Thursday, 20 July 2017

Wireless and Winners

What's the link between today's cell phones and transatlantic flights? The answer is Clifden, a small town in the west of Ireland, which was the scene of two hugely significant events in the early 20th century.

The first was due to the Italian inventor, Guglielmo Marconi, who successfully developed long-distance wireless telegraphy. Determined to send wireless signals across the Atlantic, he established a transmitting station in Cornwall, but after some difficulties there, he decided to move his station as far west as he could. The site he chose was Clifden or, to be exact, Derrygimlagh Bog, about three miles south of Clifden.

The station officially opened in 1907, and commercial signalling began between Clifden and Glace Bay in Nova Scotia, Canada on 17th October. Buildings on the site included a power house with 6 boilers and a huge condenser building as well as houses for the workers. There was a also a massive aerial system with 8 wooden masts, each 210 feet high. The sparks from these could be heard over a wide distance and resembled lightning. Fifty people were employed at the station, and a further seventy were also employed cutting peat to fuel the steam generators.

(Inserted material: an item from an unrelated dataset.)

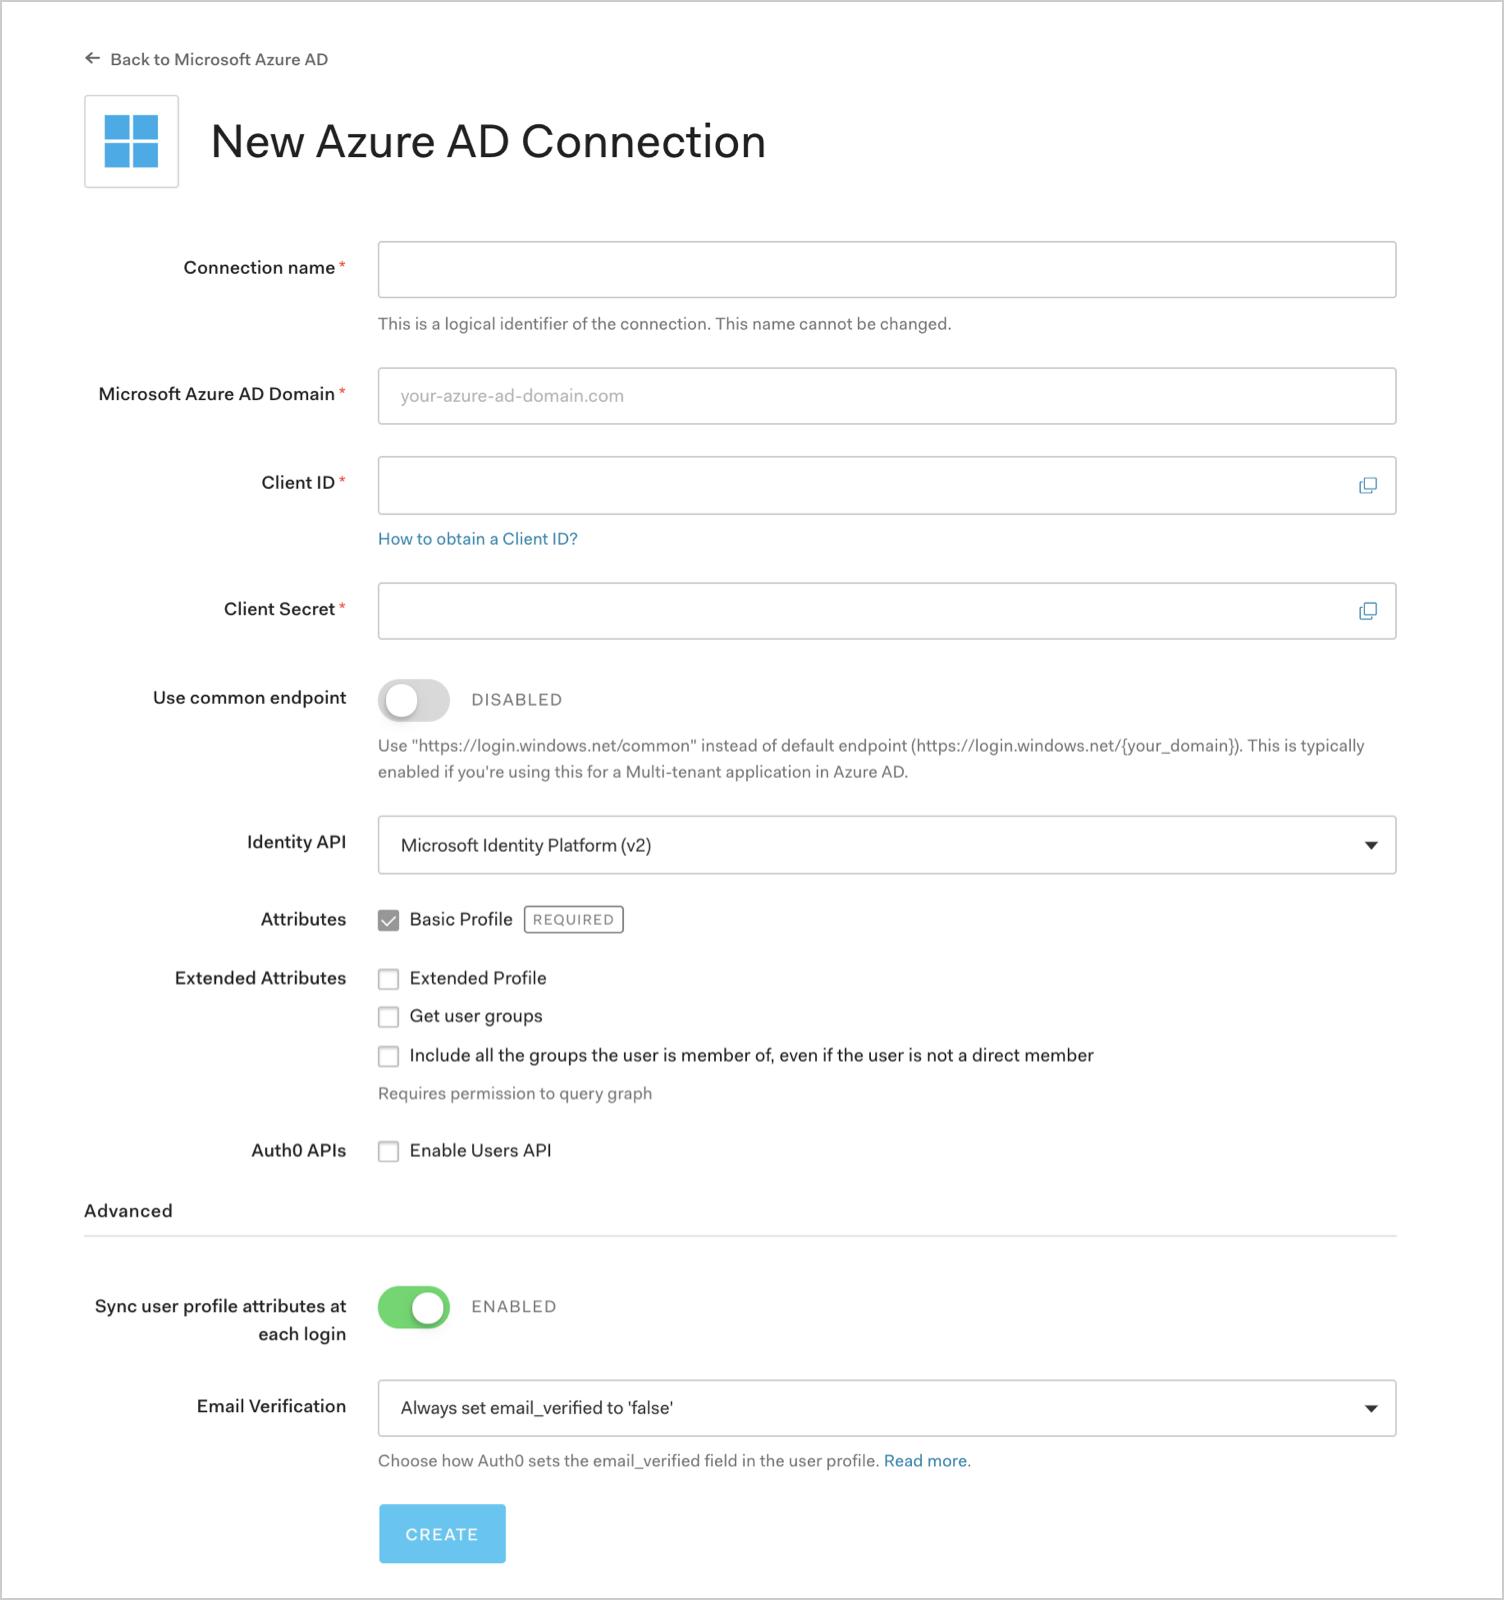 Configure General Microsoft Azure AD Settings
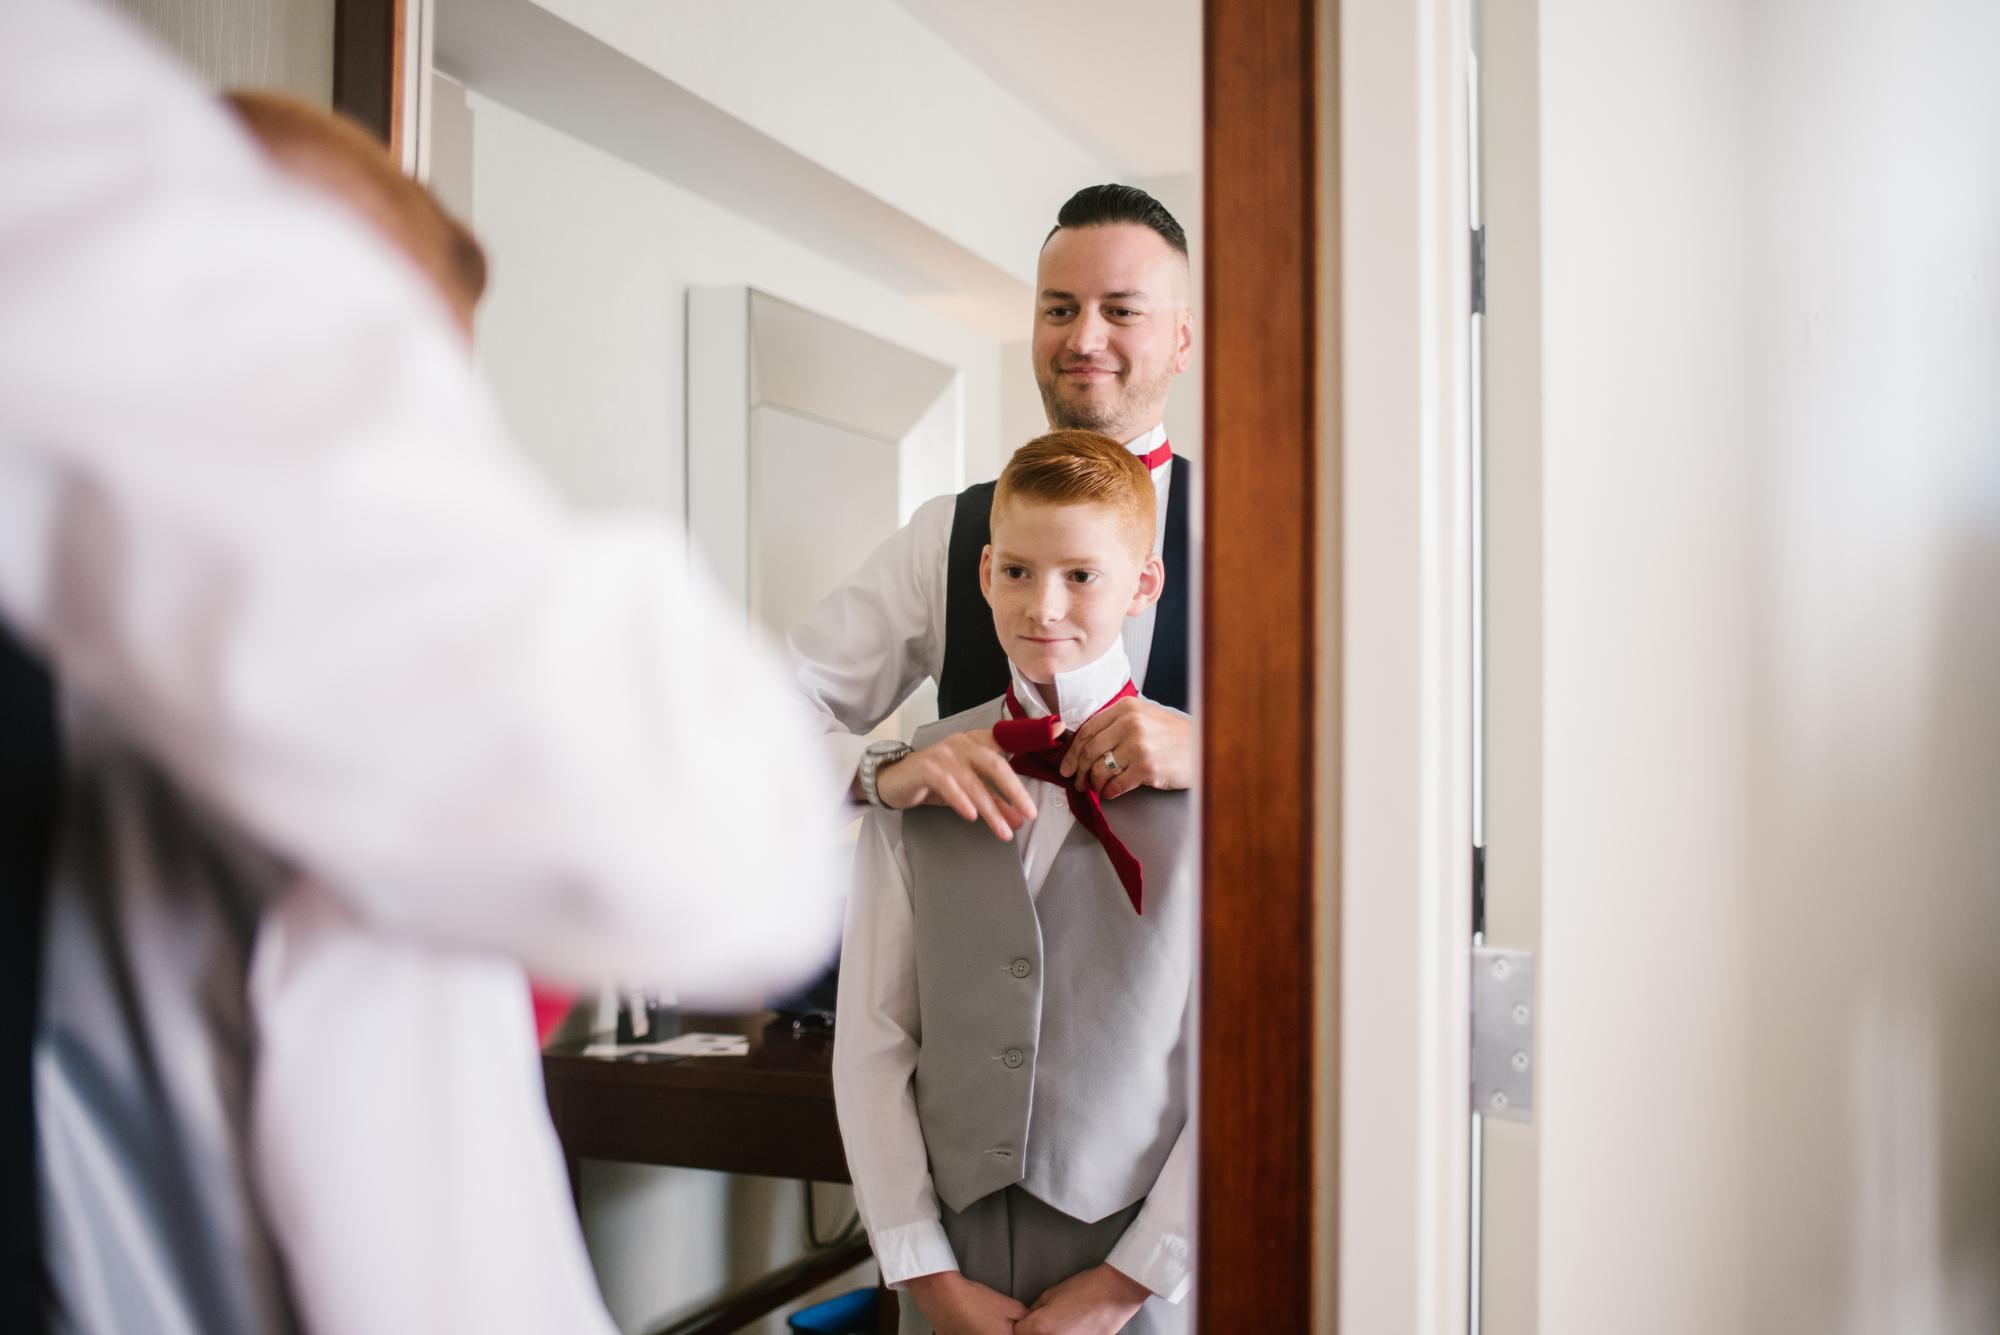 detroit-michigan-westin-book-cadillac-groomsmen-getting-ready-sydney-marie-photography (1).jpg

When advances were later made in technology, a more powerful station was built in North Wales but the Clifden Station remained operative until it was attacked and burned by Republican ‘irregulars’ in 1922. It was closed down after this, and the buildings gradually fell into disrepair.

The second event came twelve years after the Marconi station opened. In June 1919 British aviators John Alcock and Arthur Whitten-Brown left St John’s, Newfoundland, flying their Vickers VIMY biplane. Although there had been previous flights across the Atlantic Ocean, theirs was the first non-stop journey, lasting 16 hours and 27 minutes.

It wasn’t an easy journey – at one time due to thick fog, they were unable to navigate with their sextant and twice almost came down in the sea. The batteries for their heated suits failed, meaning they were freezing cold in the open cockpit – but evidently their coffee was laced with whisky! Half way through the night, they ran into a snowstorm and Brown had to climb out onto the wings to clear the ice from the engines' air intakes.

Their choice of Clifden as a landing place was deliberate because of the Marconi station. Several years earlier, the Daily Mail newspaper had offered a prize of £10,000 (over £1 million in today’s money) to any pilot who could fly an airplane across the Atlantic within 72 hours. Alcock and Brown were aware of other contenders for this prize and wanted to make sure the news of their arrival in Ireland was telegraphed to London as soon as possible.

They looked for a meadow on which to land and mistook the boggy surface near the Marconi station for hard ground. A man in the transmitter building tried in vain to warn them, but they thought he was waving a welcome! As they touched down, they sank into the mud and the plane nosed over into the soggy peat. A somewhat ignominious ending to a triumphant flight, but at least neither of them was hurt. The man in the transmitter building rushed out to them and asked where they'd come from. 'Canada', said Brown. 'We were there yesterday - and we're the only two people in Europe who can say that.' And it was a local reporter from the Connacht Tribune who got the scoop of the century by interviewing the two aviators. 


These two huge landmarks in the history of communications and transport went on to change the face of the 20th century- and Clifden saw them both. Not bad for a small out-of-the-way town in the west of Ireland, was it?

The memorial to Alcock and Brown's landing at Derrygimlagh
but (a) it's not at the place where they actually landed
and (b) for some unknown reason it shows a modern tail fin
although they flew a biplane!

Derrygimlagh Bog, taken from the site of the memorial - and the actual landing
place is the white speck in the far distance which is a large monolith. At least it is
now painted white (which it wasn't when I first visited the site!)
Pictures of Alcock and Brown, and other information about their
flight, displayed in Mannion's Bar in Clifden  

2 comments:

  1. An amazing story Paula. I bet the whisky helped when he had to venture out on the wing!